2843: Así adquieren vida las palabras del Señor sobre el perdón, este Amor que ama hasta el
extremo del amor (ver Jn 13, 1). La parábola del siervo sin entrañas, que culmina la enseñanza del
Señor sobre la comunión eclesial, acaba con esta frase: «Esto mismo hará con vosotros mi Padre
celestial si no perdonáis cada uno de corazón a vuestro hermano». Allí es, en efecto, en el fondo
«del corazón» donde todo se ata y se desata. No está en nuestra mano no sentir ya la ofensa y
olvidarla; pero el corazón que se ofrece al Espíritu Santo cambia la herida en compasión y purifica
la memoria transformando la ofensa en intercesión.
2844: La oración cristiana llega hasta el perdón de los enemigos. Transfigura al discípulo
configurándolo con su Maestro. El perdón es cumbre de la oración cristiana; el don de la oración no
puede recibirse más que en un corazón acorde con la compasión divina. Además, el perdón da
testimonio de que, en nuestro mundo, el amor es más fuerte que el pecado. Los mártires de ayer y
de hoy dan este testimonio de Jesús. El perdón es la condición fundamental de la reconciliación de
los hijos de Dios con su Padre y de los hombres entre sí.

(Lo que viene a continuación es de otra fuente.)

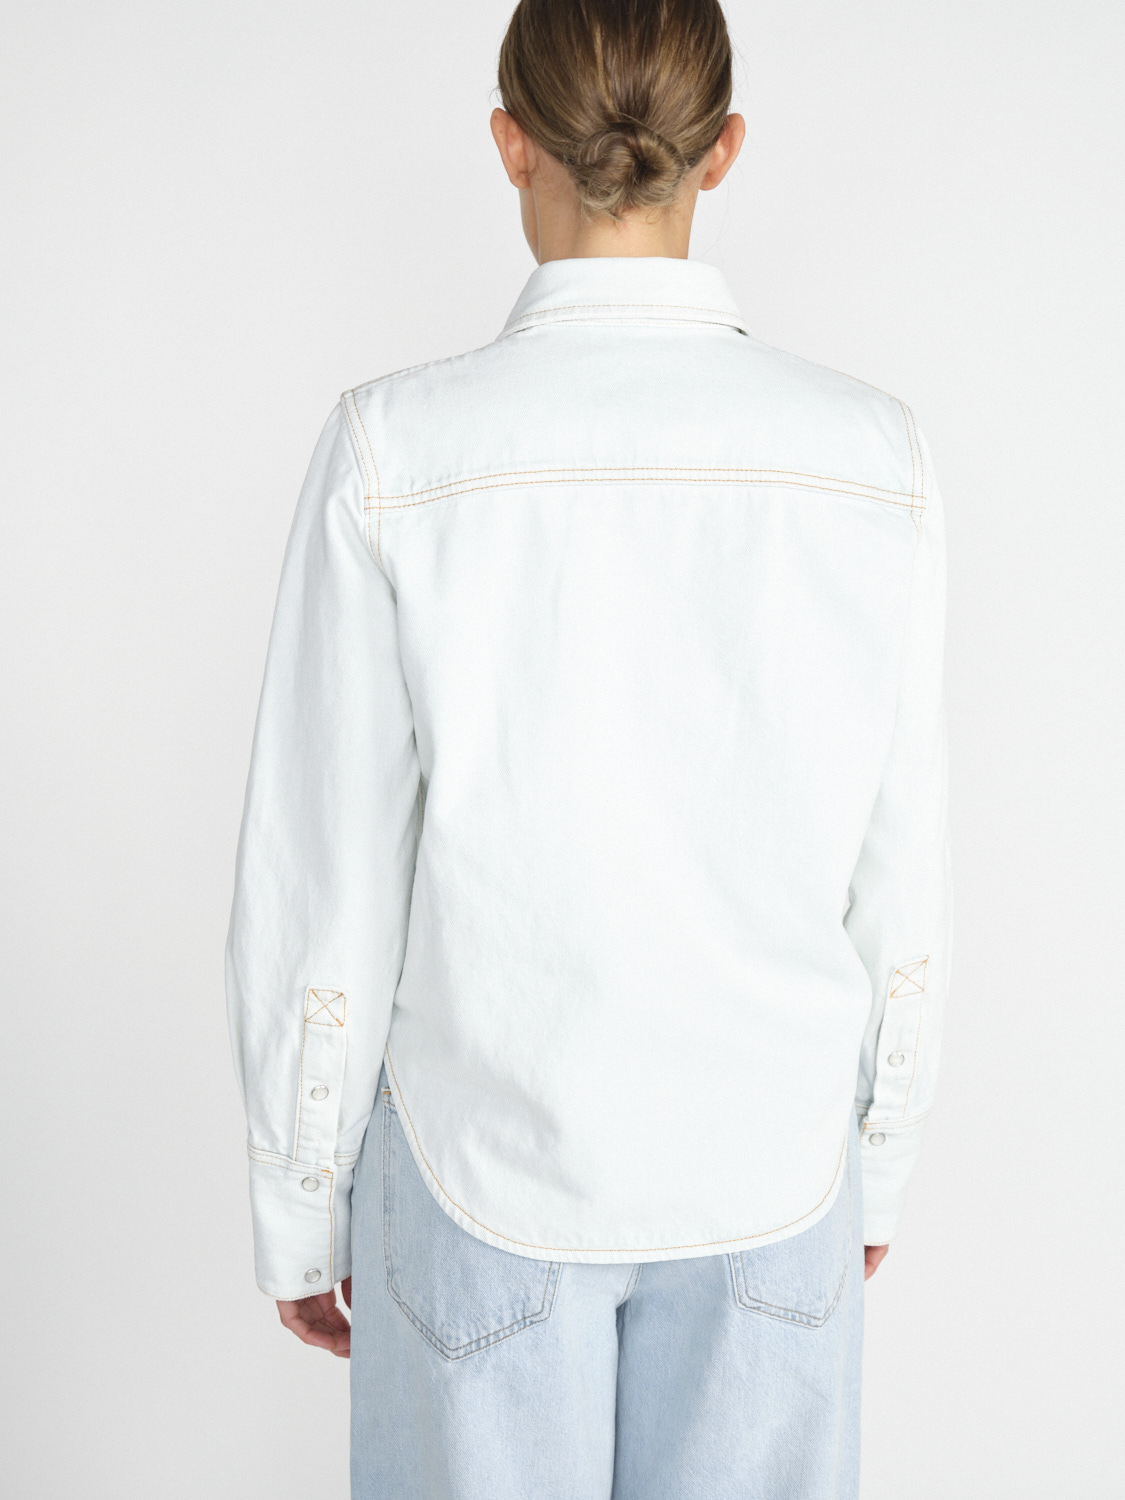 Darkpark Glenn - Cotton denim shirt  white XS/S

2845: No hay límite ni medida en este perdón, esencialmente divino. Si se trata de ofensas (de
«pecados» según Lc 11, 4, o de «deudas» según Mt 6, 12), de hecho nosotros somos siempre
deudores: «Con nadie tengáis otra deuda que la del mutuo amor» (Rom 13, 8). La comunión de la
Santísima Trinidad es la fuente y el criterio de verdad en toda relación. Se vive en la oración y,
sobre todo, en la Eucaristía:
Dios no acepta el sacrificio de los que provocan la desunión, los despide del altar para que
antes se reconcilien con sus hermanos: Dios quiere ser pacificado con oraciones de paz. La
obligación más bella para Dios es nuestra paz, nuestra concordia, la unidad en el Padre, el
Hijo y el Espíritu Santo de todo el pueblo fiel (S. Cipriano).